Когда он закончил, голова у меня стала легче. Я никогда не задумывалась о том, какими тяжелыми были мои волосы, но шея казалась длинной и сильной.

— Спасибо! — сказала я на селю и повторила то же самое на ханьчуйском языке.

— Я сохраню, я сохраню.

— Да-да, сохраните.

Я переоделась в полотняную форму, которую принес мне Срини; свое изорванное черное трико и рубаху я надела вниз, как нижнее белье. Так как мои мягкие кожаные сапожки быстро истрепались бы на палубе, Срини подобрал мне и полотняные туфли, но мне было легче ходить босиком. Я наблюдала, как катятся волны и кружат птицы, когда ветер нес с собой влагу и словно ледяные пальцы охватывали череп. То и дело я ощупывала себе голову. Лао Цзя обкорнал меня не налысо, но почти под корень.

«Нужна шапка», — подумала я. На палубе я все-таки прослезилась, потому что голове теперь было холодно даже на солнце. И я решила украсть головной убор.

За свободу приходилось платить странными и неожиданными способами.

 

Вскоре капитан «Южной беглянки» заметил мою стряпню. Лао Цзя учил меня готовить по-ханьчуйски, а я взамен делилась своими кулинарными познаниями, особенно в области выпечки. Как я вскоре поняла, хлеб в ханьских странах подавали на стол нечасто, а десерты — и того реже. Мы вдвоем готовили роскошные ужины для капитана и пассажиров, но и жаркое и пироги для экипажа не забывали сдабривать разными пряностями.

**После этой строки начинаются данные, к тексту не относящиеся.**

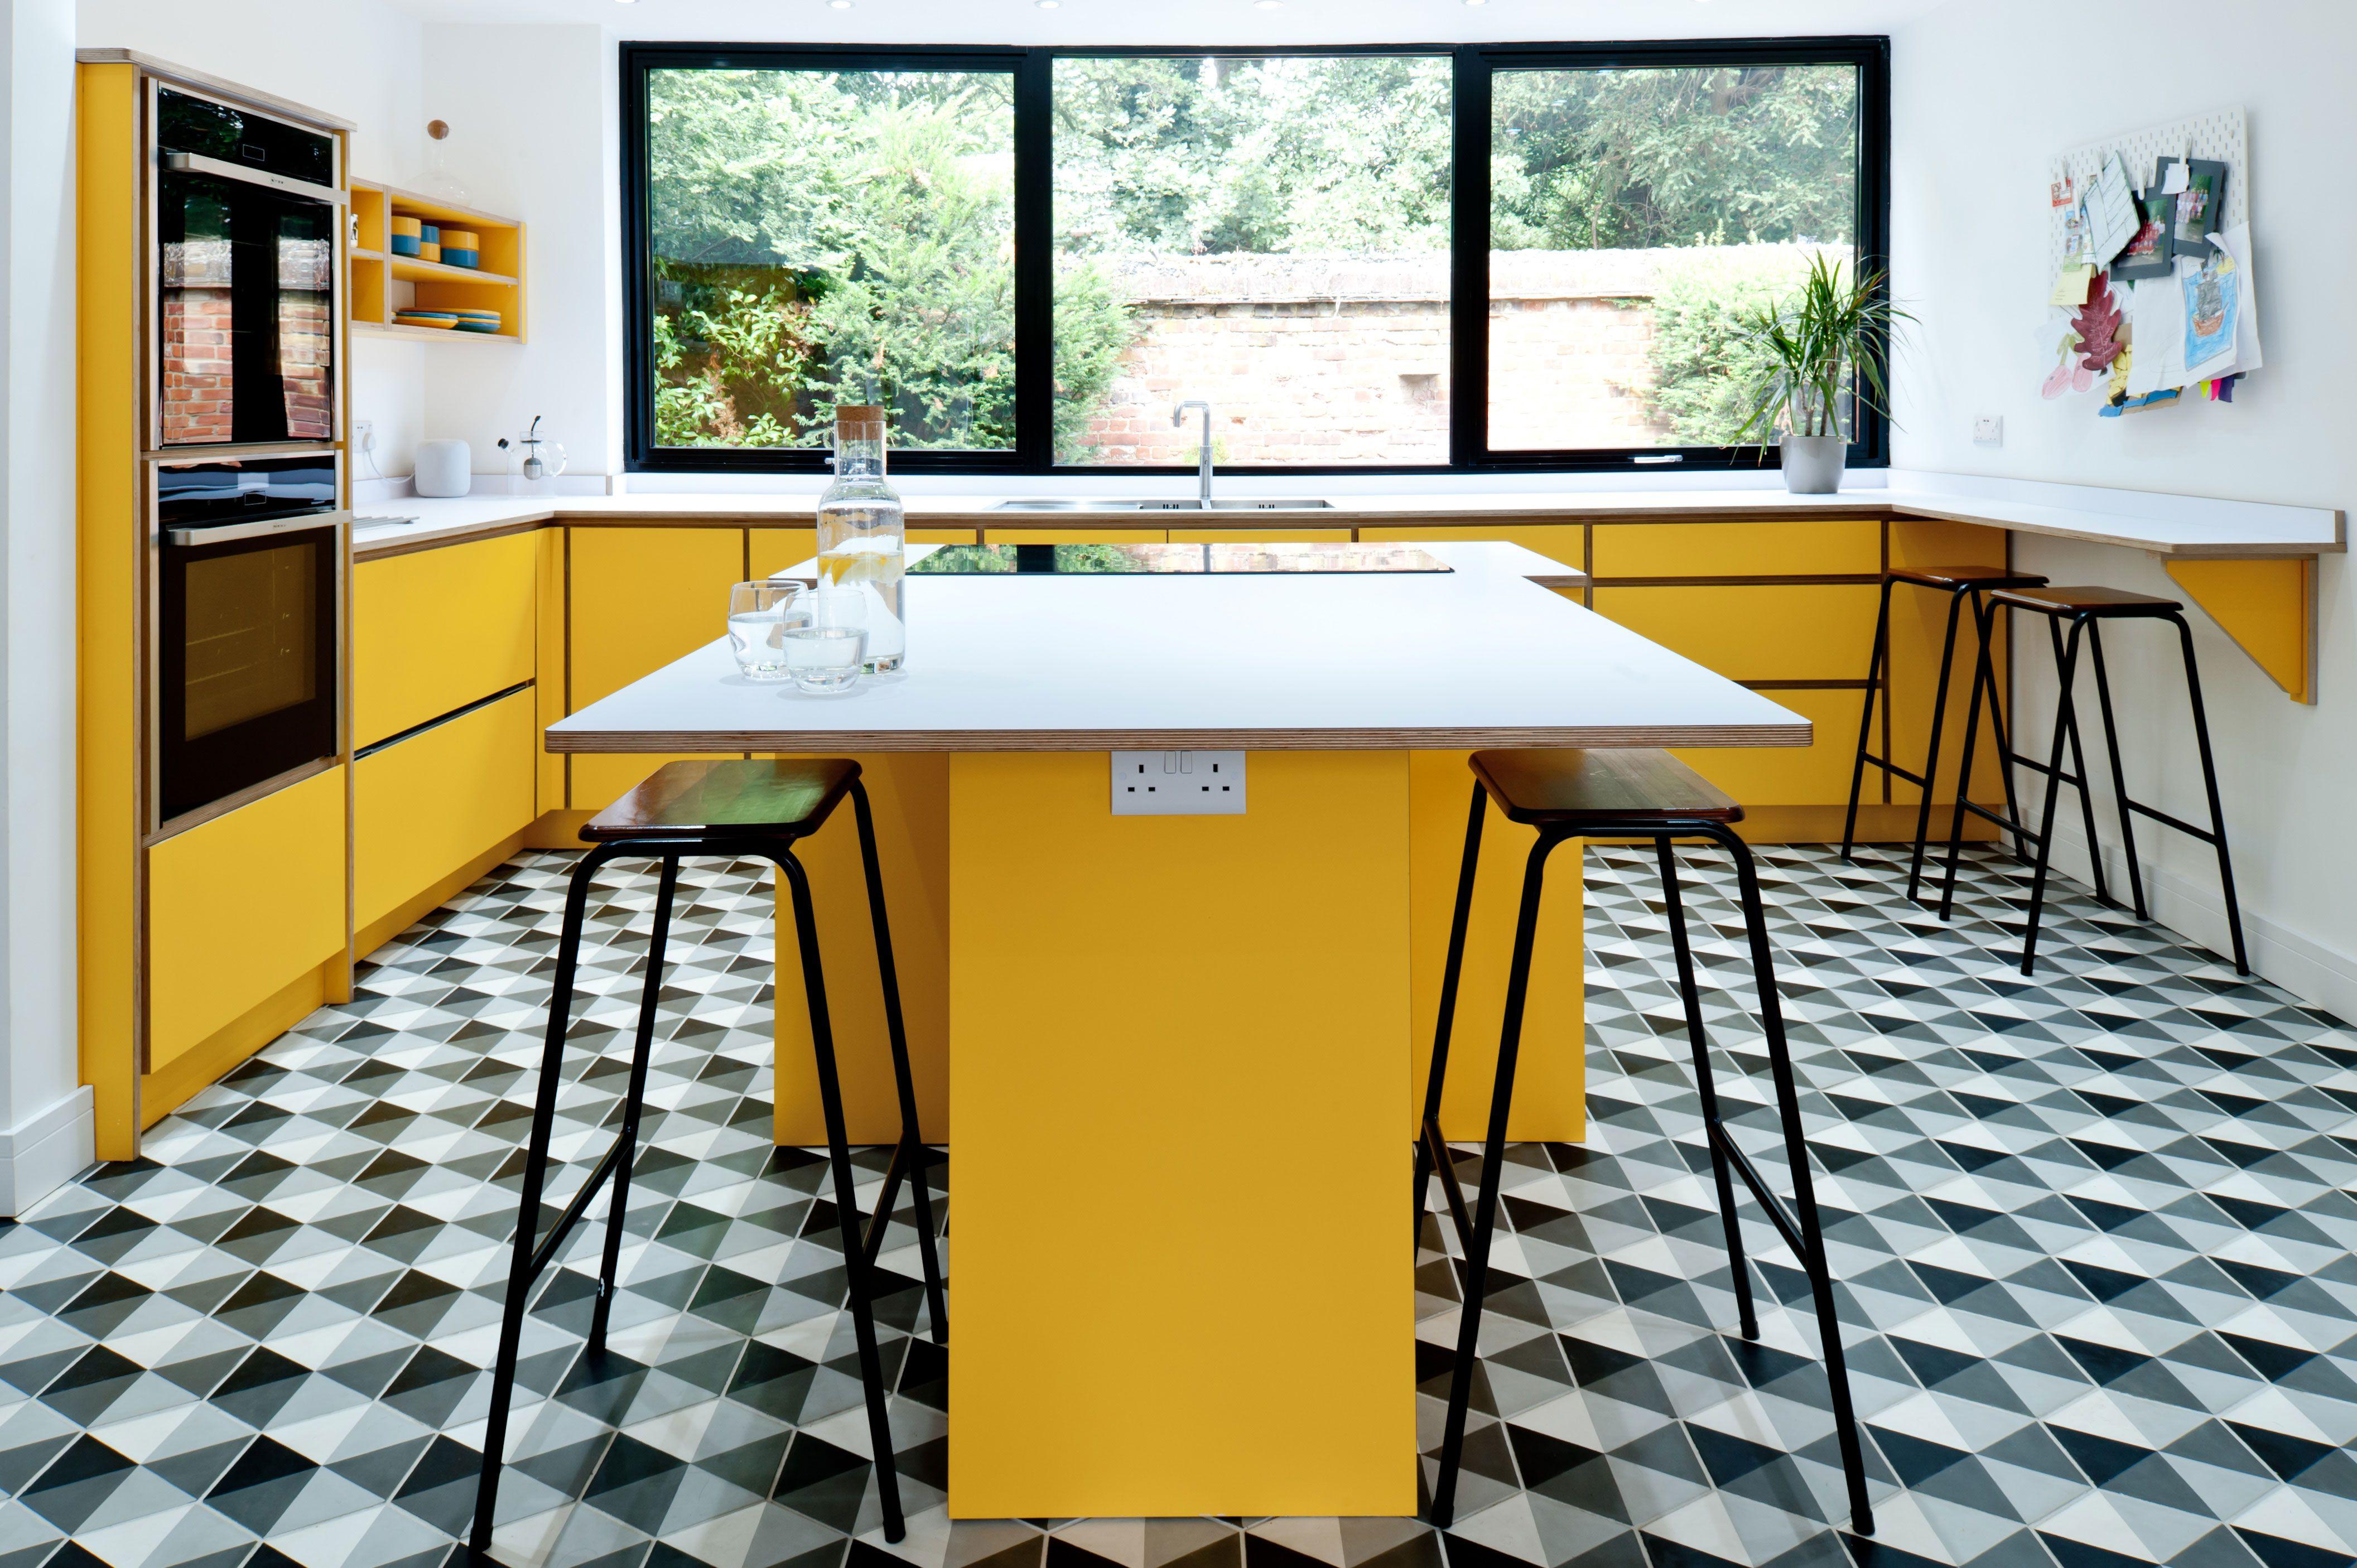 Yellow Contemporary Kitchens YellowKitchen yellowkitchen ...

Почти каждый день я узнавала что-то новое. В Медных Холмах чаще готовили дичь, чем рыбу; Лао Цзя учил меня управляться с дарами моря. Вскоре я уже умела определять свежесть рыбы, знала, где нужно искать червей и других паразитов, как осматривать внутренности, проверяя, здорова ли рыбина. Некоторых рыбин мы бросали за борт акулам. То, что Лао Цзя одобрял, резалось на тонкие ломтики и подавалось в сыром виде или жарилось вместе с овощами. Отдельные виды рыбы мы нарезали на толстые куски и жарили, как отбивные котлеты. Я научилась готовить легкие, но острые соусы, оттенявшие вкус и запах рыбы.

Я стряпала пудинги, пекла печенье, замораживала пюре из фруктов. Часто добавляла фрукты в компоты и салаты. Лао Цзя жарил смешанные блюда, готовил крошечные пампушки с рыбой и креветками и показывал мне, как правильно мариновать мясо. Оно должно было почти сгнить, но вкус у него получался дивным.

Срини каждый день наведывался на камбуз или подходил ко мне на палубе. Мы с ним говорили на селю. Он тревожился, потому что я почти забыла родной язык.

— Ты уже почти взрослая девушка, а говоришь с акцентом Каменного Берега и вставляешь в свою речь много странных слов.

Некоторые слова мне пришлось ему растолковывать.

— Мне самой грустно, что я так хорошо говорю по-петрейски, а на родном языке так плохо, — призналась я.

— Тогда мы будем с тобой разговаривать.

Срини рассказывал, что происходит на корабле, какую еду мы готовили в этот день или накануне, показывал на людей и рассказывал мне о них. А еще он поведал мне о Колесе, которое управляет жизнью всех селистанцев; люди верят, что Колесо определяет их судьбу и смысл жизни. Я впитывала его слова, как глиняный горшок впитывает воду. Родной язык оживал во мне. Ругая себя, я все же вынуждена была признать: родной отец вряд ли рассказал бы мне столько, сколько я узнала от Срини. Родные звуки проникали мне в самую душу, которая только и ждала пробуждения.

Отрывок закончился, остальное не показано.